Top of Data block

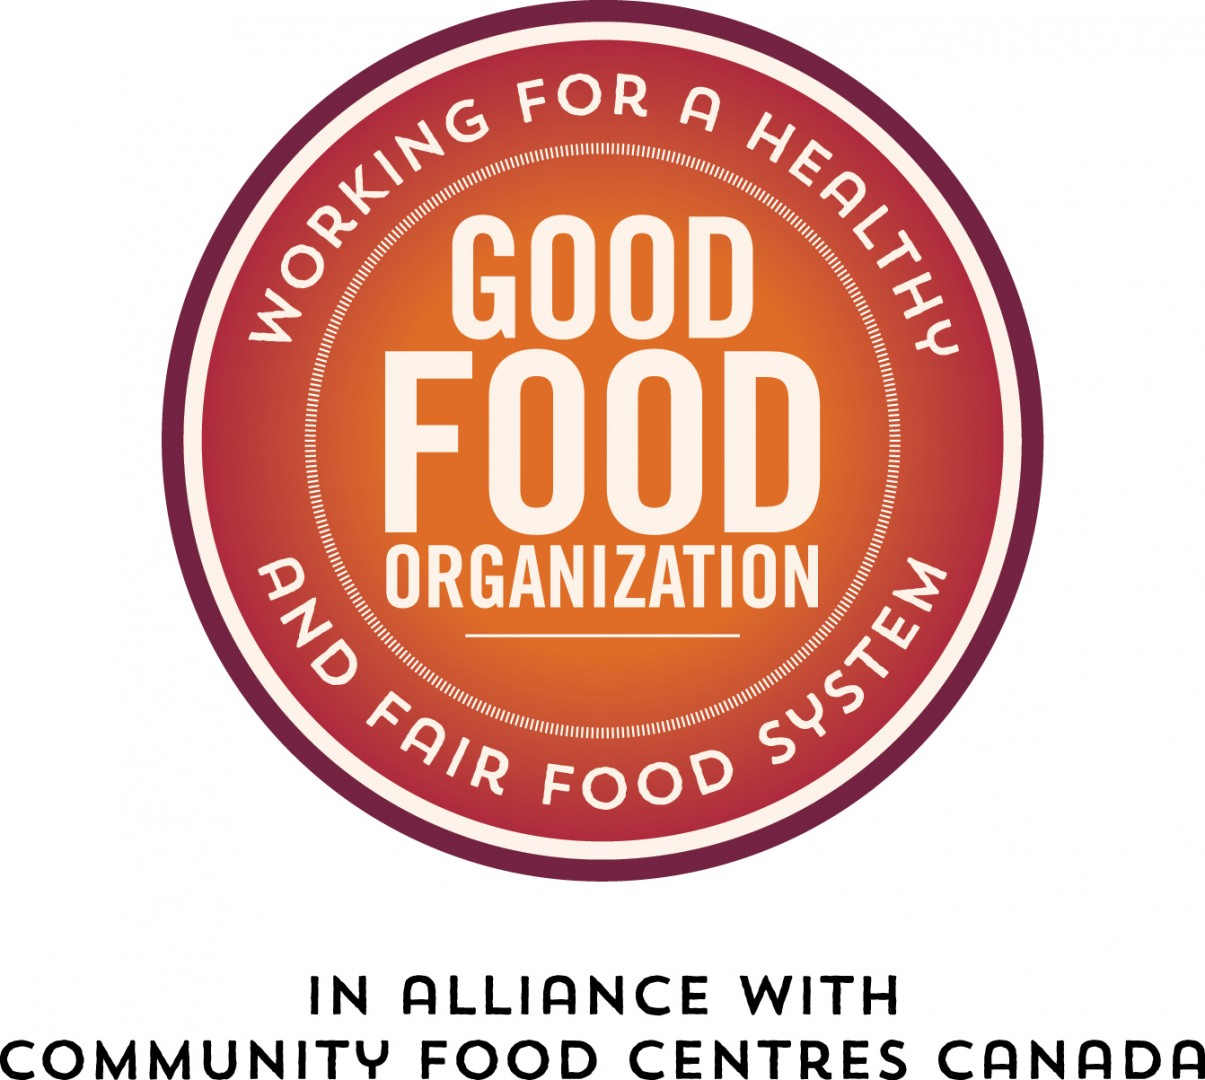 Good Food Organization
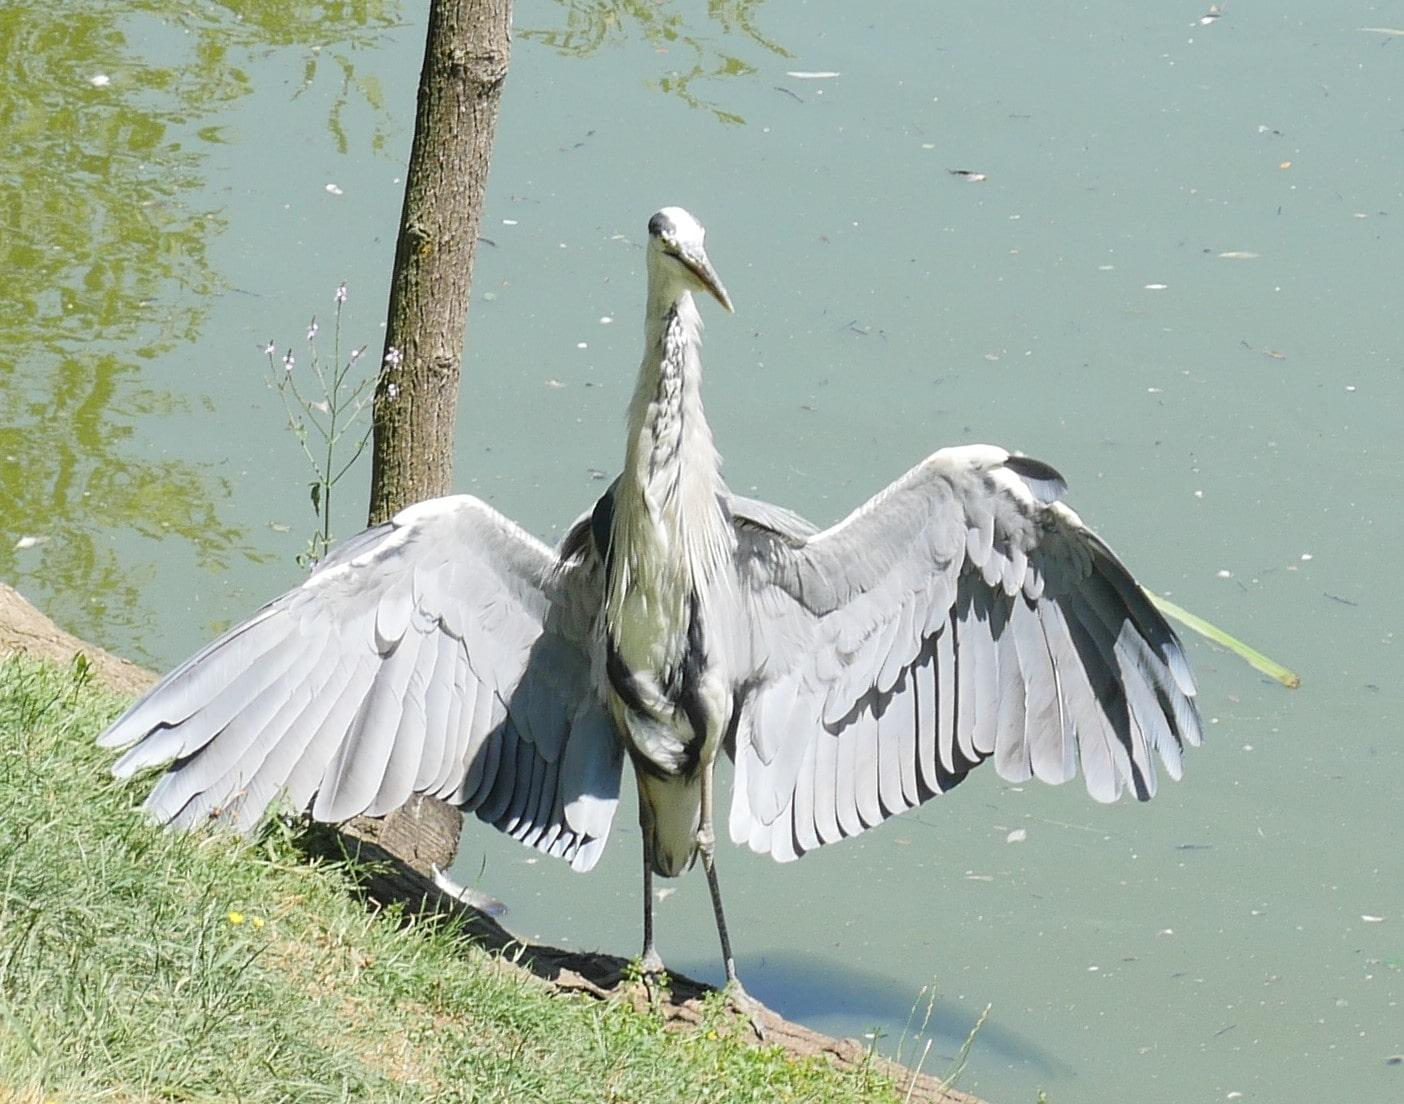 Oiseau exhibitionniste
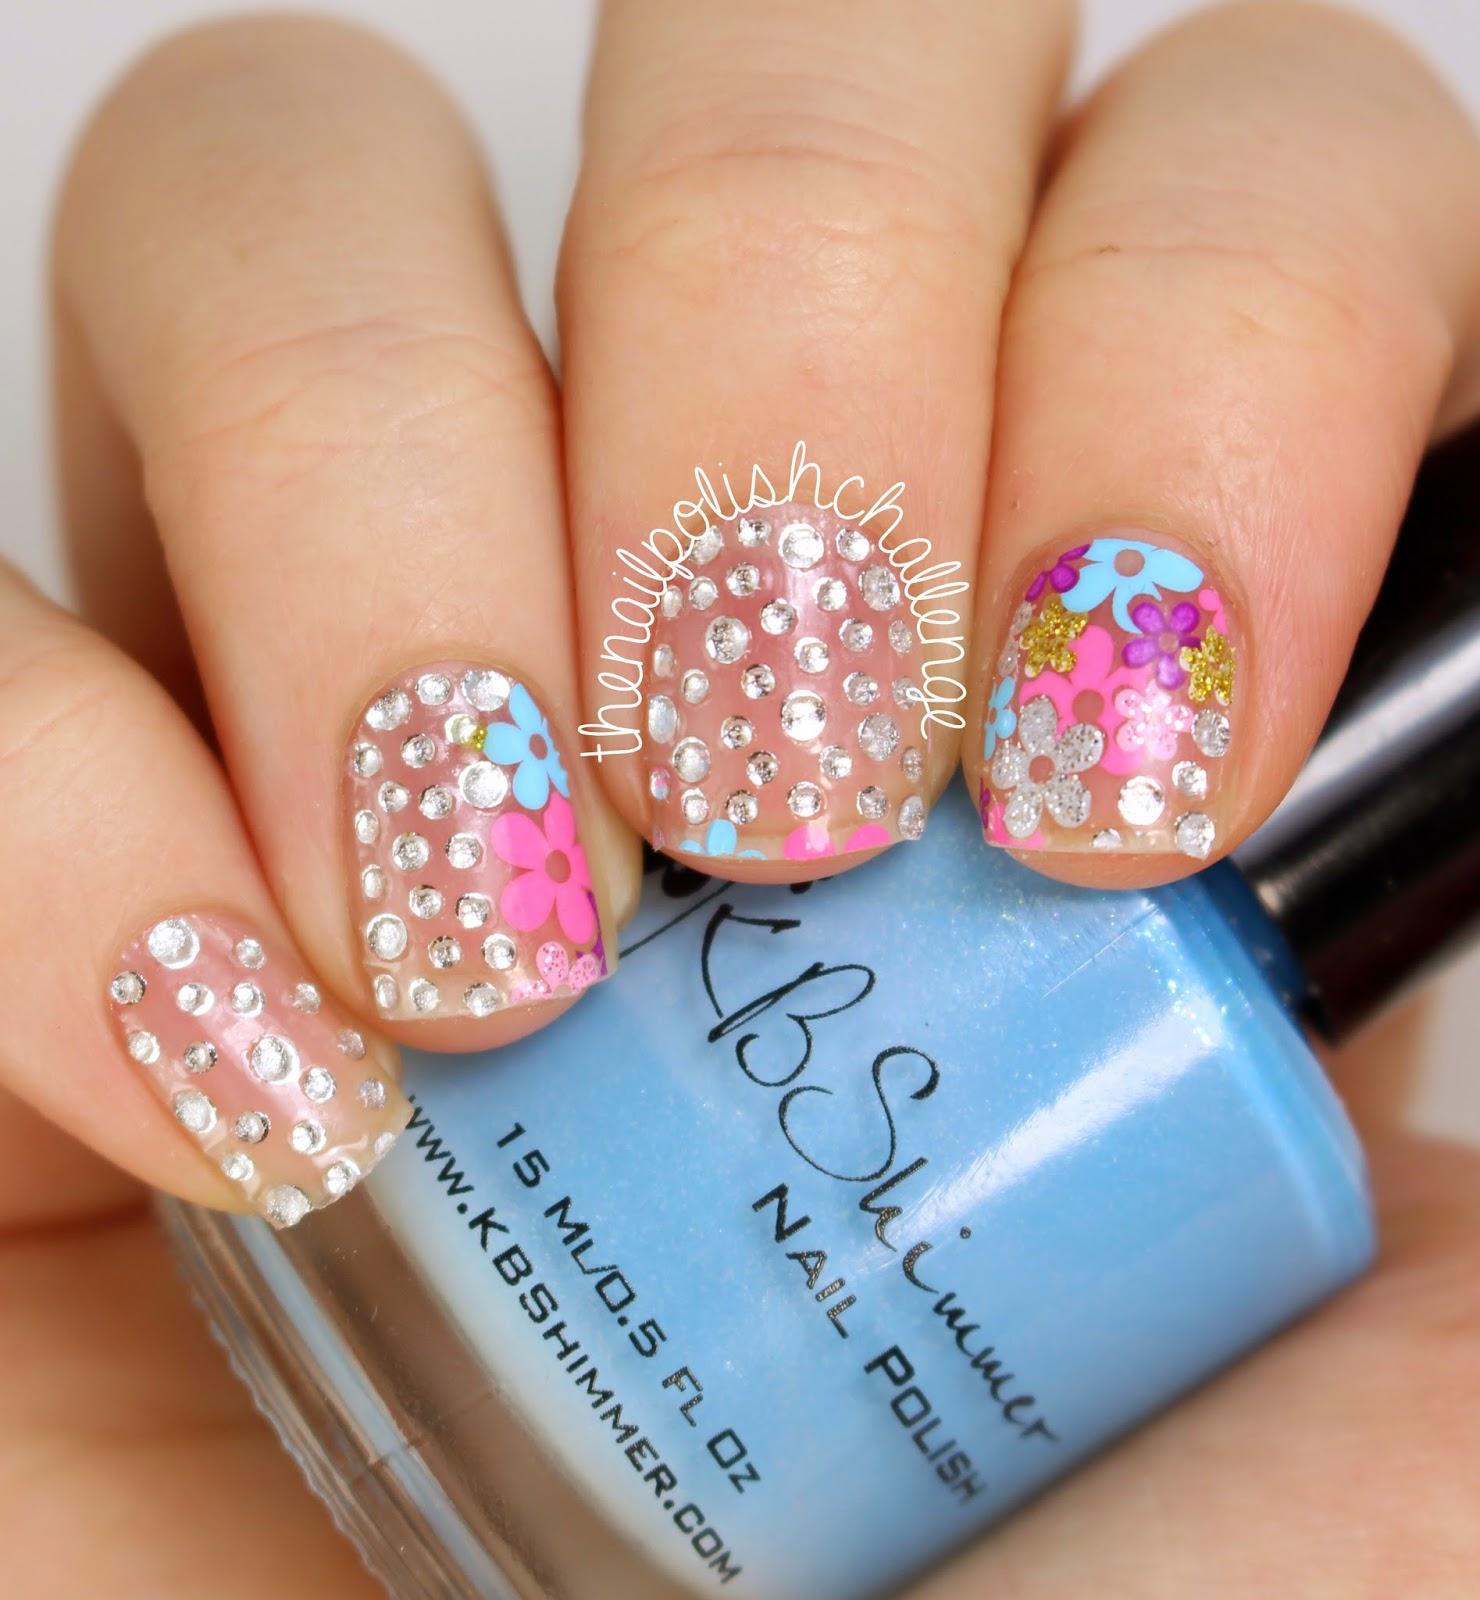 Kelli marissa pueen nail art wraps review pueen nail art wraps review prinsesfo Choice Image
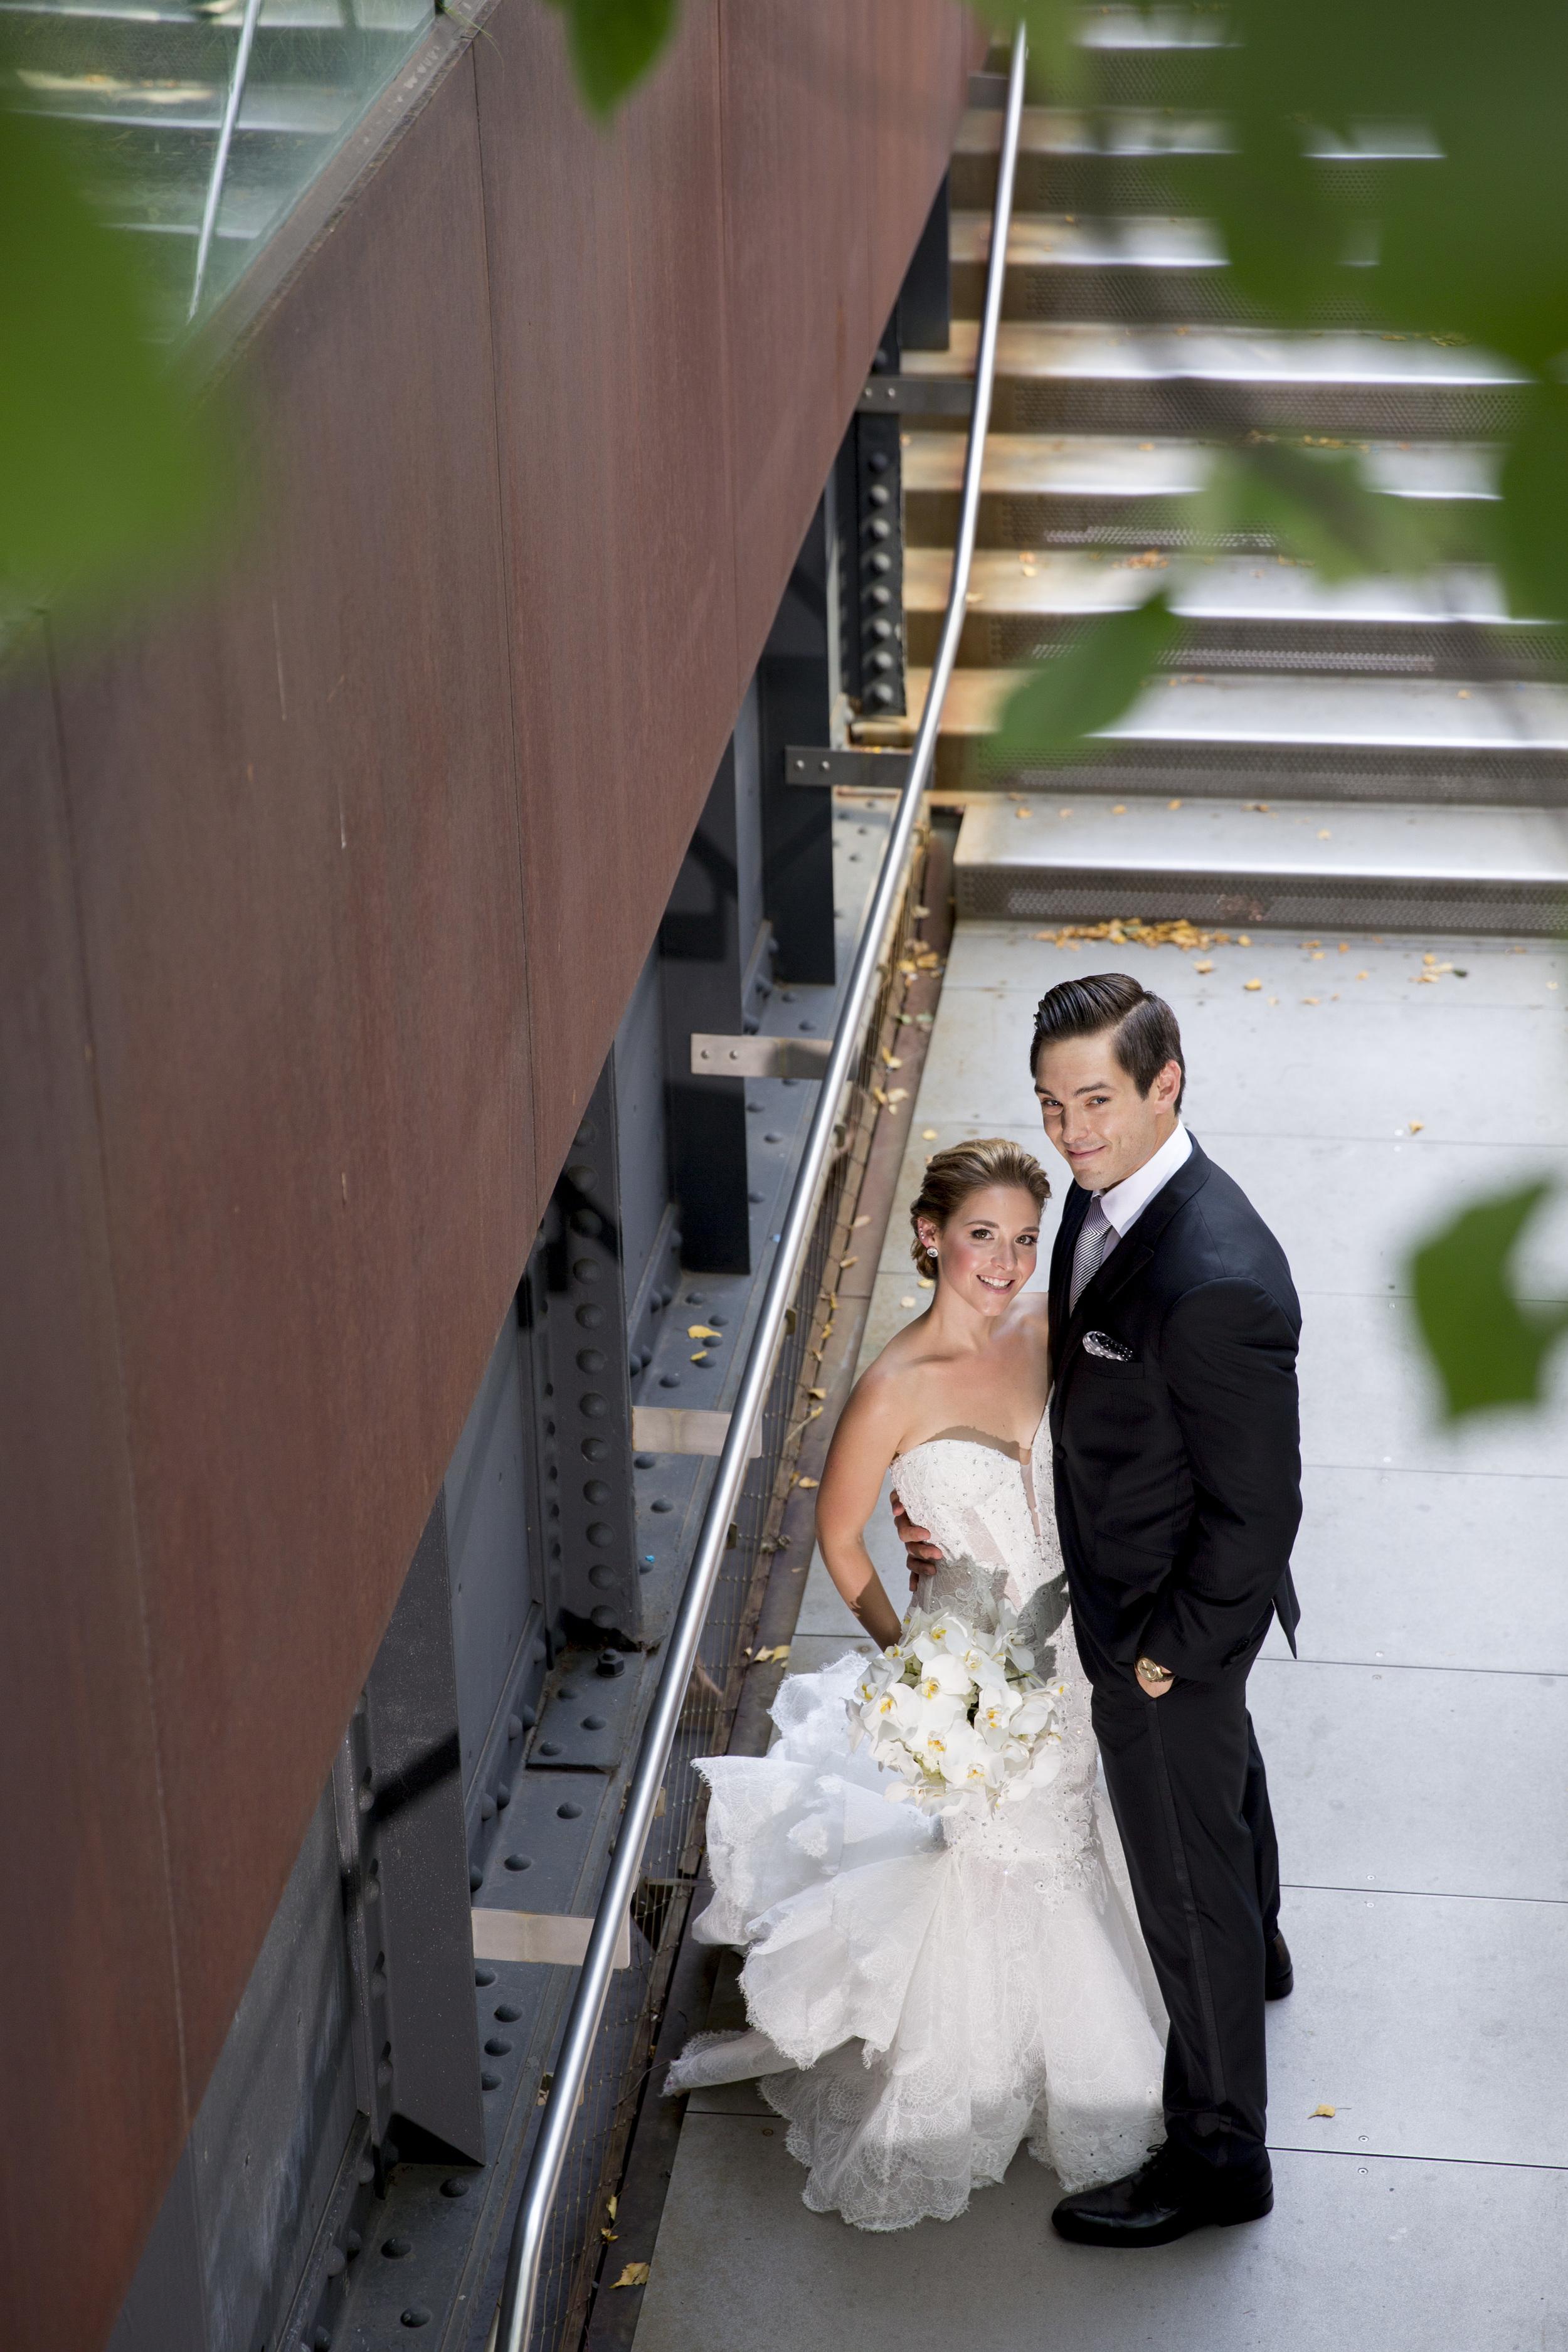 Ceci_New_York_Style_Luxury_Custom_Summer_Wedding_CeciBride_Letterpress_NewYork_Foil_Lighthouse_Chelsea_Piers_25.jpg

Bottom of Data block

Set down the entire material verbatim, with each picture left out.

• _Solution to the exercise_
 Good Food Organization
 Oiseau exhibitionniste
 Kelli marissa pueen nail art wraps review pueen nail art wraps review prinsesfo Choice Image
 Ceci_New_York_Style_Luxury_Custom_Summer_Wedding_CeciBride_Letterpress_NewYork_Foil_Lighthouse_Chelsea_Piers_25.jpg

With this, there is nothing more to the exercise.